VIII DÉCLARATION D’AMOUR
Agacé, mécontent de moi, j’errai dans le jardin pendant près d’une demi-heure, réfléchissant sur la conduite à tenir. Le soleil se couchait. Tout à coup, au détour d’une allée, je me trouvai face à face avec Nastenka. Elle avait les yeux pleins de larmes qu’elle essuyait avec son mouchoir.
– Je vous cherchais, fit-elle.
– Je vous cherchais aussi. Dites-moi si je suis ou non dans une maison de fous?
– Vous n’êtes nullement dans une maison de fous! répondit-elle d’un air offensé et me regardant fixement.
– Mais alors, que se passe-t-il? Au nom du Christ, donnez-moi un conseil! Où se trouve maintenant mon oncle? Puis-je aller le trouver? Je suis heureux de vous avoir rencontrée; peut-être pourrez-vous me tirer d’embarras.
– N’allez pas auprès de votre oncle. Je viens moi-même de les quitter.
– Mais où sont-ils?
– Qui le sait? Peut-être sont-ils tous retournés dans le potager, dit-elle, irritée.
– Quel potager?
– La semaine passée, Foma Fomitch cria qu’il ne voulait plus rester dans cette maison. Il courut au potager, prit une bêche dans la hutte et se mit à remuer la terre. Nous n’en revenions pas, le croyant devenu fou.
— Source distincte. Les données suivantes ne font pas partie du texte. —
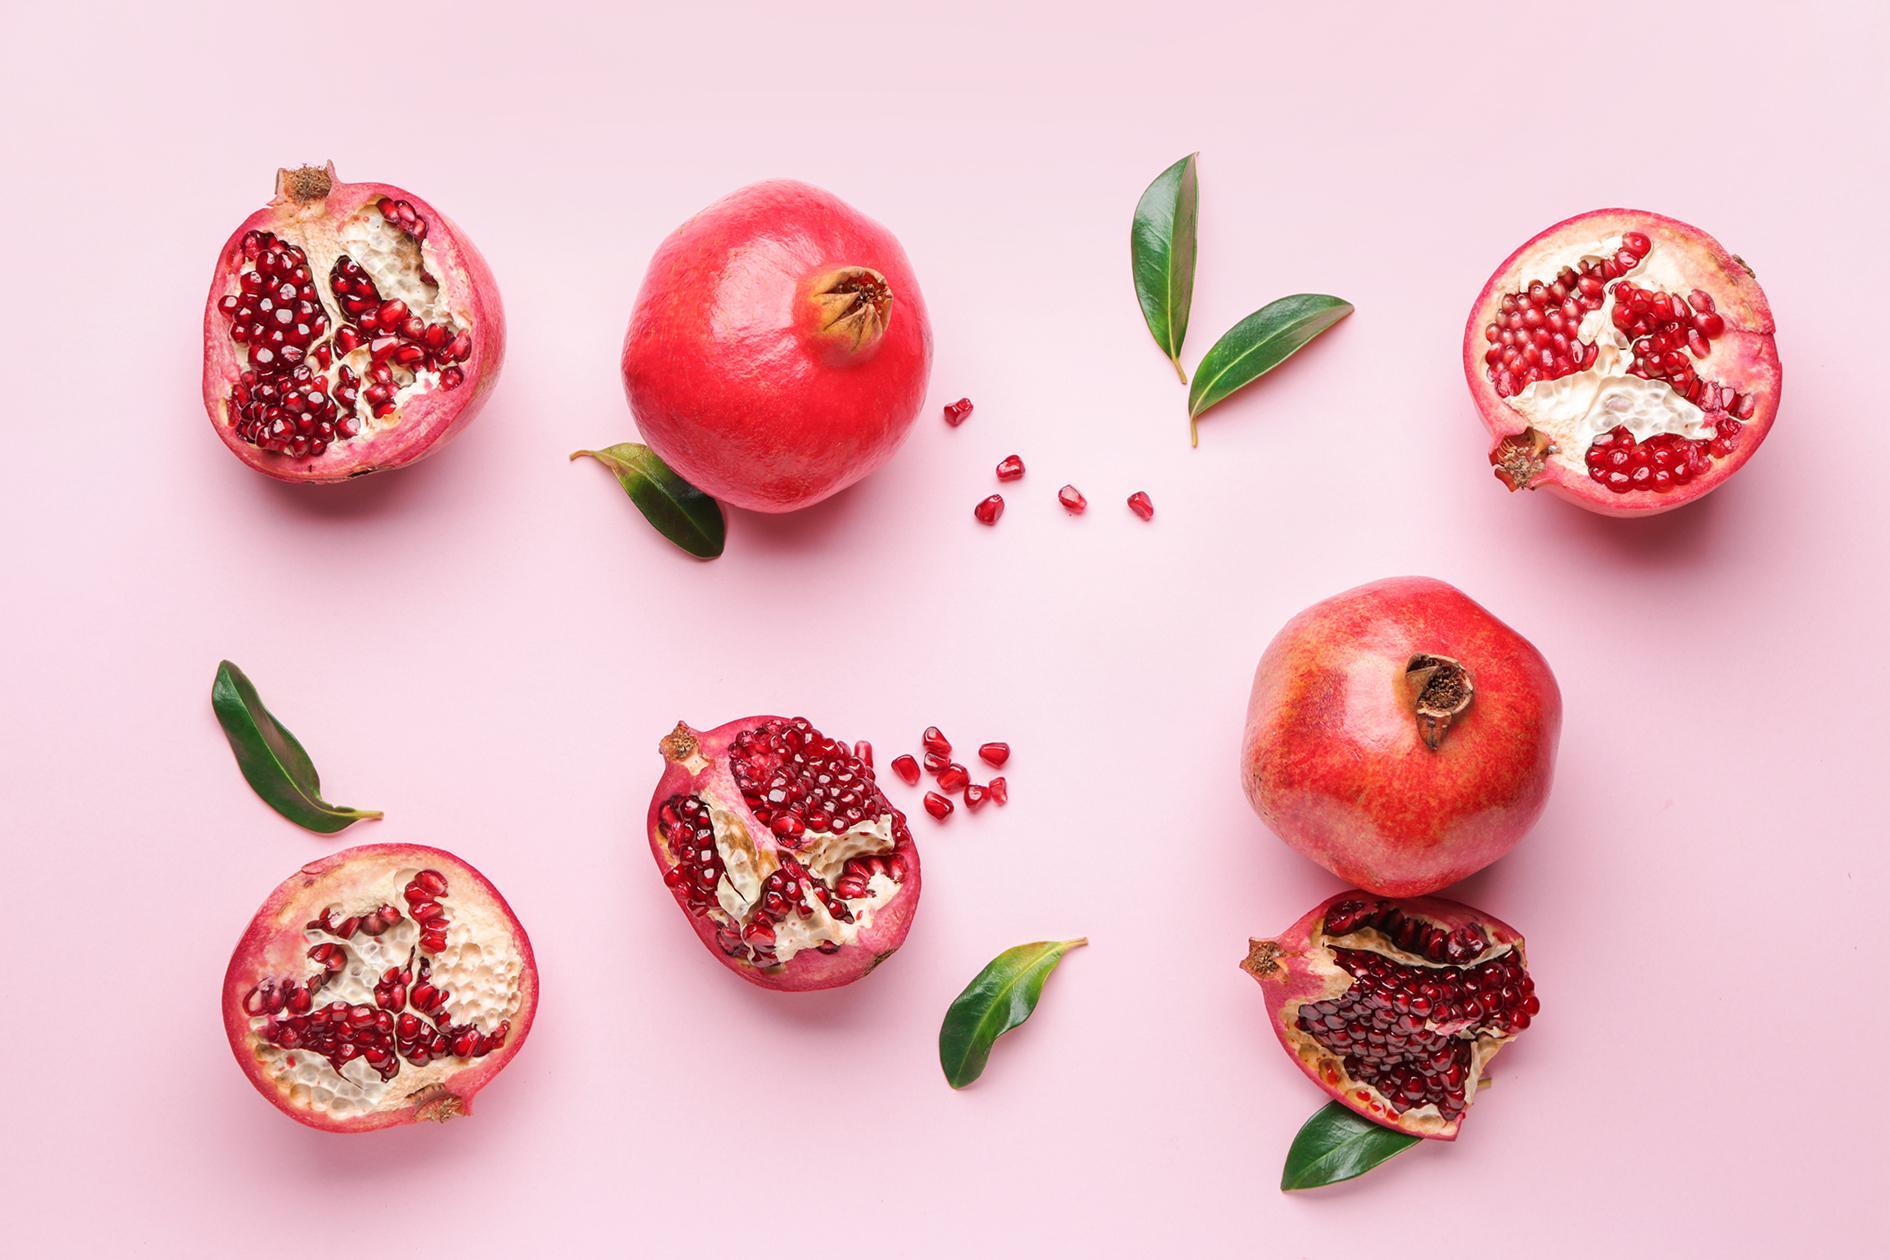 Powerfrucht Granatapfel Jungborn

Alors, il dit: «Afin que l’on ne me reproche plus le pain que je mange, le pain qu’on me donne, je vais bêcher la terre; je paierai de mon travail la nourriture que j’ai reçue et je m’en irai ensuite! Voilà où vous me réduisez!» Et tout le monde de pleurer, de se mettre à genoux devant lui, de vouloir lui ôter sa bêche. Mais il persistait à remuer la terre; il a ravagé tout un carré de navets. Comme on lui a cédé une fois, il se peut qu’il ait recommencé. Avec lui, il faut s’attendre à tout.
– Et vous pouvez me raconter cela avec ce sang-froid? m’écriai-je dans une grande indignation.
Elle leva sur moi des yeux étincelants.
– Pardonnez-moi; je ne sais plus ce que je dis, repris-je. Écoutez: savez-vous pourquoi je suis venu ici?
– Non… non… répondit-elle en rougissant et une expression de douleur se refléta sur son charmant visage.
– Excusez-moi continuai-je. Je ne suis plus moi-même. Je sais que je devrais prendre plus de précautions, surtout avec vous… Mais, n’importe; je pense que, dans des cas pareils, la franchise est encore le meilleur parti… J’avoue… ou plutôt, je voulais dire… vous connaissez les intentions de mon oncle? Il m’a ordonné de vous demander votre main!